Finkelstein initially took odd jobs at any club that would have him — as a dishwasher, a bouncer, whatever was needed — but didn’t wait long to involve himself into the burgeoning scene developing around him. Among his first clients were psychedelic rockers the Paupers and local rock outfit Kensington Market.

In his recollections, Finkelstein seems to have lost little of the wide-eyed enthusiasm that lifted him through those early years. But he was concerned about glorifying a period that is always recalled in glowing terms, with a healthy heap of nostalgia.

“I don’t think anyone wants this idea shoved down their throat about Yorkville, but it was such a big part of my life,” he said.

It’s easy to understand why the period looms so large for Finkelstein when sifting through his memories.

His book includes anecdotes about rubbing shoulders with a cast of now-legendary musical figures, including Chuck Berry, Bob Dylan and the late Linda McCartney (whose surname was Eastman back when she called on Finkelstein’s hotel room, two joints in hand).

In fact, that sort of casual drug use figures into many of Finkelstein’s stories. Sitting across from Finkelstein — exceedingly friendly, with a paternal greying beard and conservatively clad in a sweater — it’s a little hard to imagine the free-partying wildman depicted in his book, who once woke up with a woman on one side and a bag containing a possibly lethal amount of meth on the other.

And Finkelstein says he did struggle with how he represented that period in his life.

“But I couldn’t write about that era without writing about the drug situation,” he said.

“It wasn’t the musicians only, it was everybody — like the audience, everybody was stoned. I did my share of harder drugs. I never got addicted to anything, thank God.”

Finkelstein’s industry successes were numerous. Aside from the legacy-forming output issued by the likes of Cockburn and McLauchlan under Finkelstein’s watch, his True North Records and its accompanying publishing group garnered 40 Junos and 40 gold and platinum records. He was founder and chairman of MuchFACT — which funds videos by independent Canadian artists — for 26 years.

He also received the Walt Grealis Special Achievement Award at the Junos, the Order of Canada and is a member of the Canadian Music Hall of Fame.

Still, when looking back on his career for the book, he joked there were as many misses as hits.

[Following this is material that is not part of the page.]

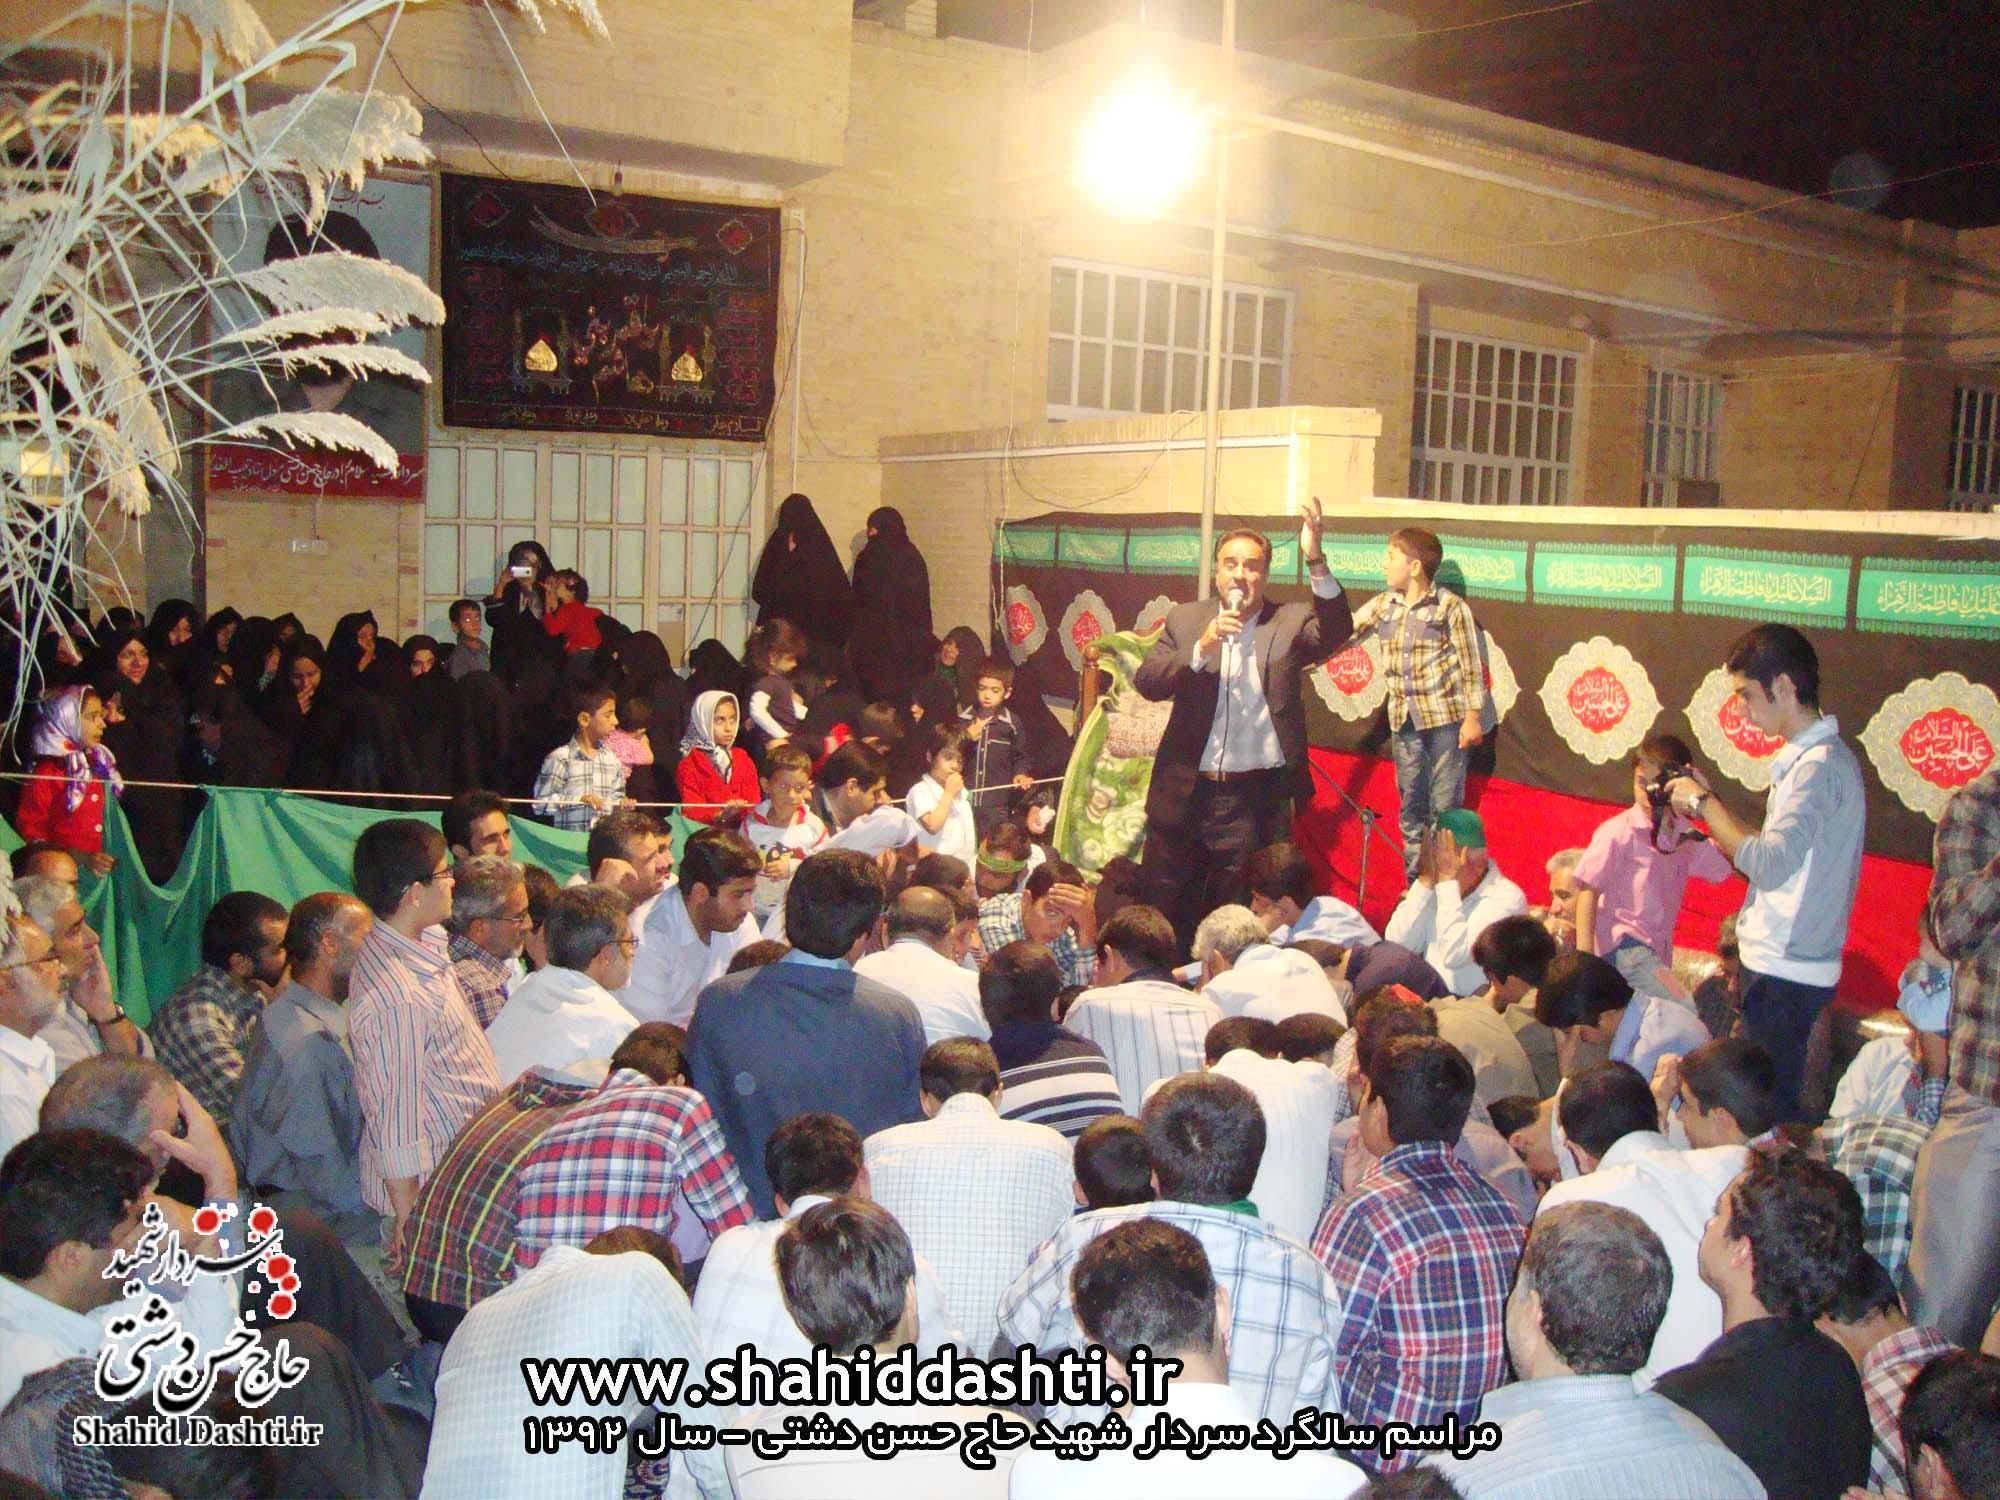 تصاویری از مراسم سالگرد سردار شهید حاج حسن دشتی سال ۹۲
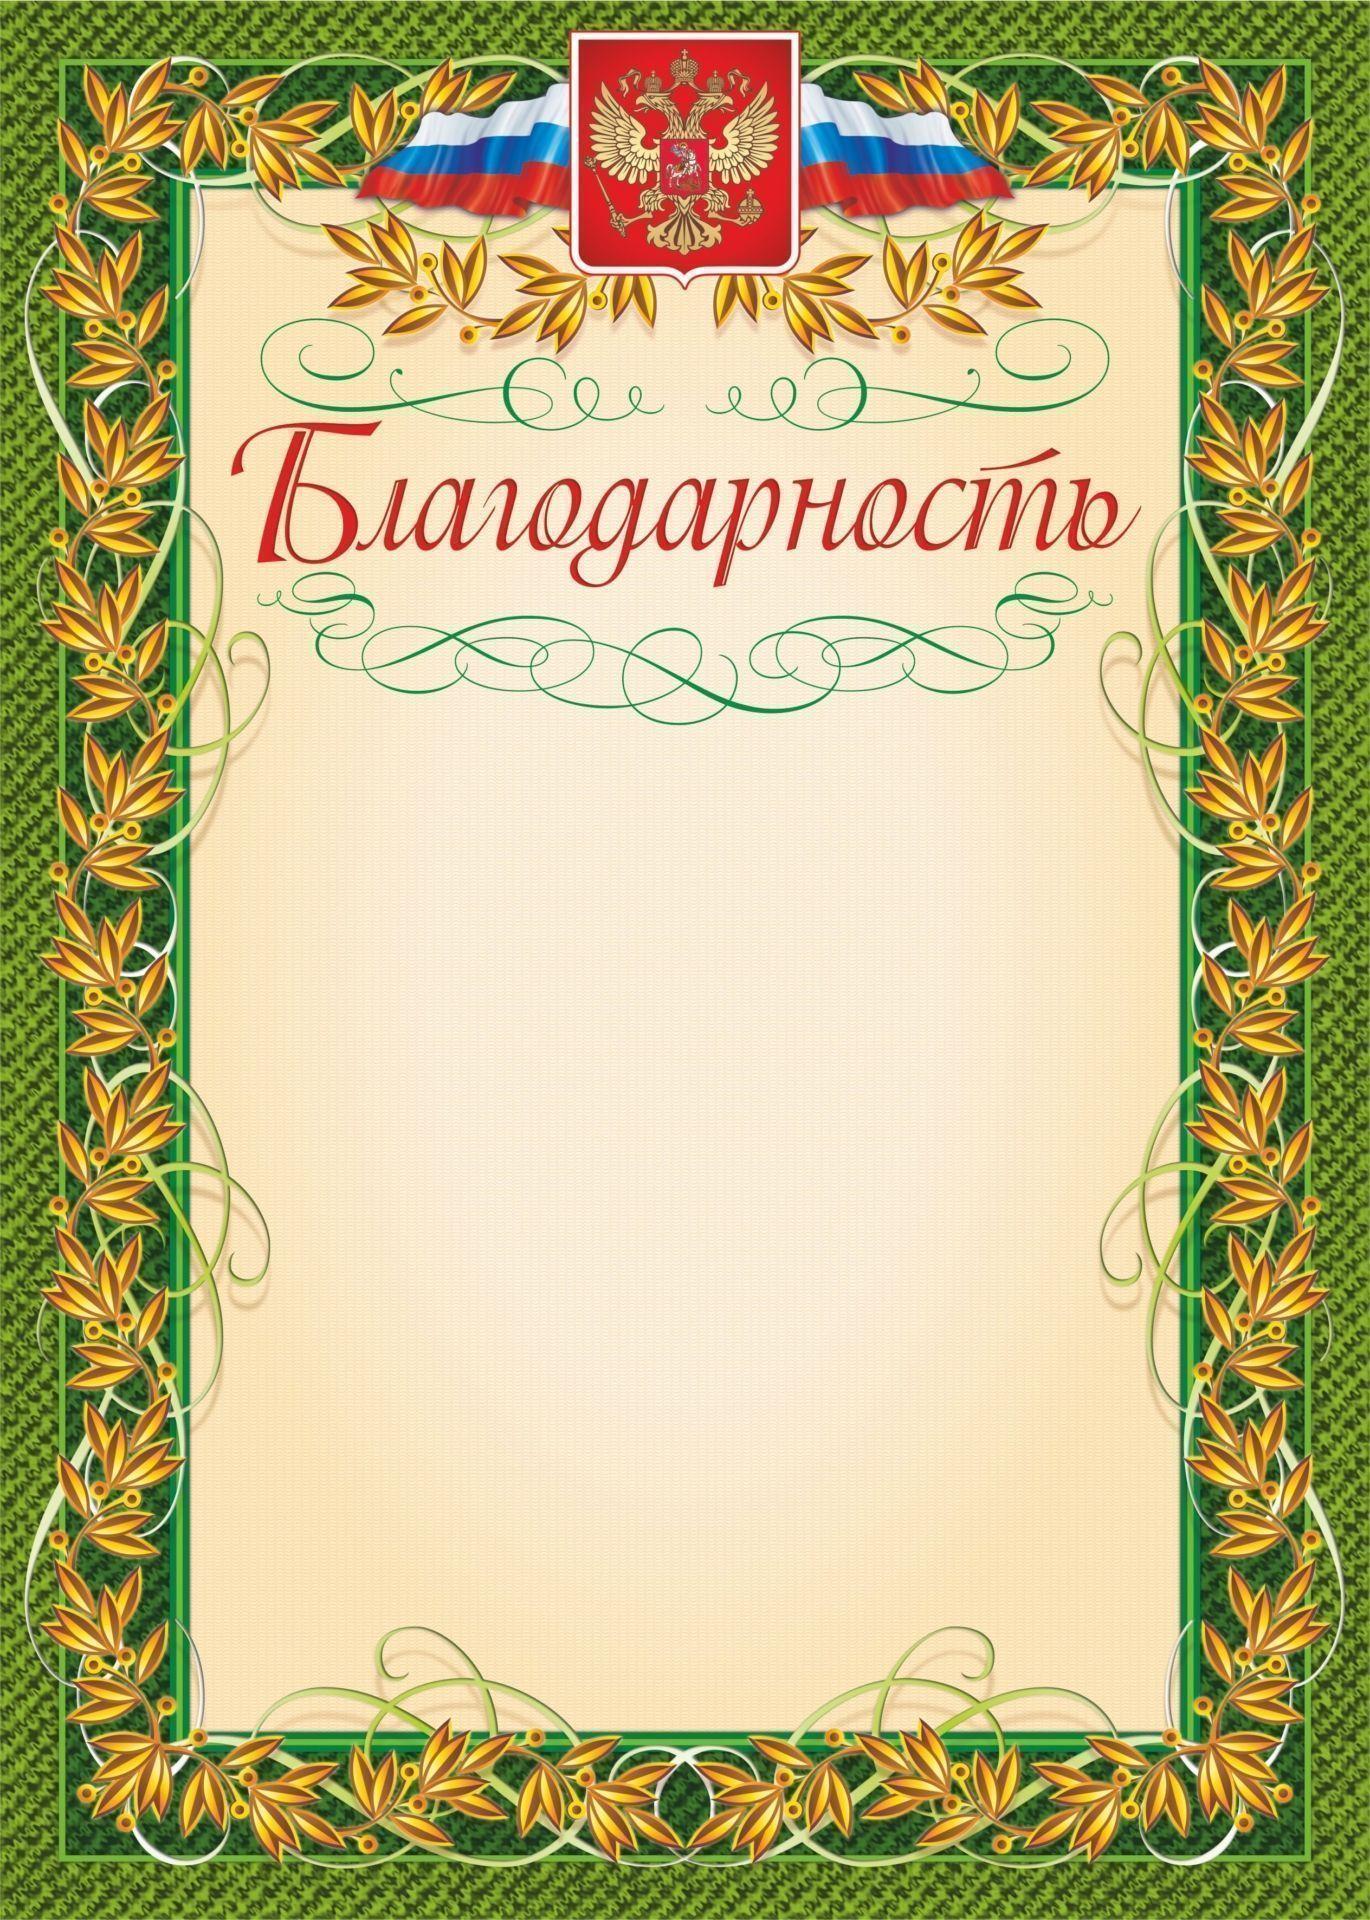 Купить со скидкой Благодарность (с гербом и флагом, рамка лавровый лист) (упаковка 200шт)

“This book’s more about failure than it is about success,” he said.

But Finkelstein doesn’t necessarily regret the creative or commercial misfires that occurred under his watch. His guiding principle in recruiting acts over the years was always to look for something a little different.

“I did not sign Murray or Bruce or Rough Trade with the idea that these are going to be … hitmakers,” he said.

“But the funny thing is, there was still a part of me that said: ‘Well, I’m going to make them hits.’

“I think my talent was hearing things that were a little left of centre … and figuring out how to get them into the centre without affecting the music.”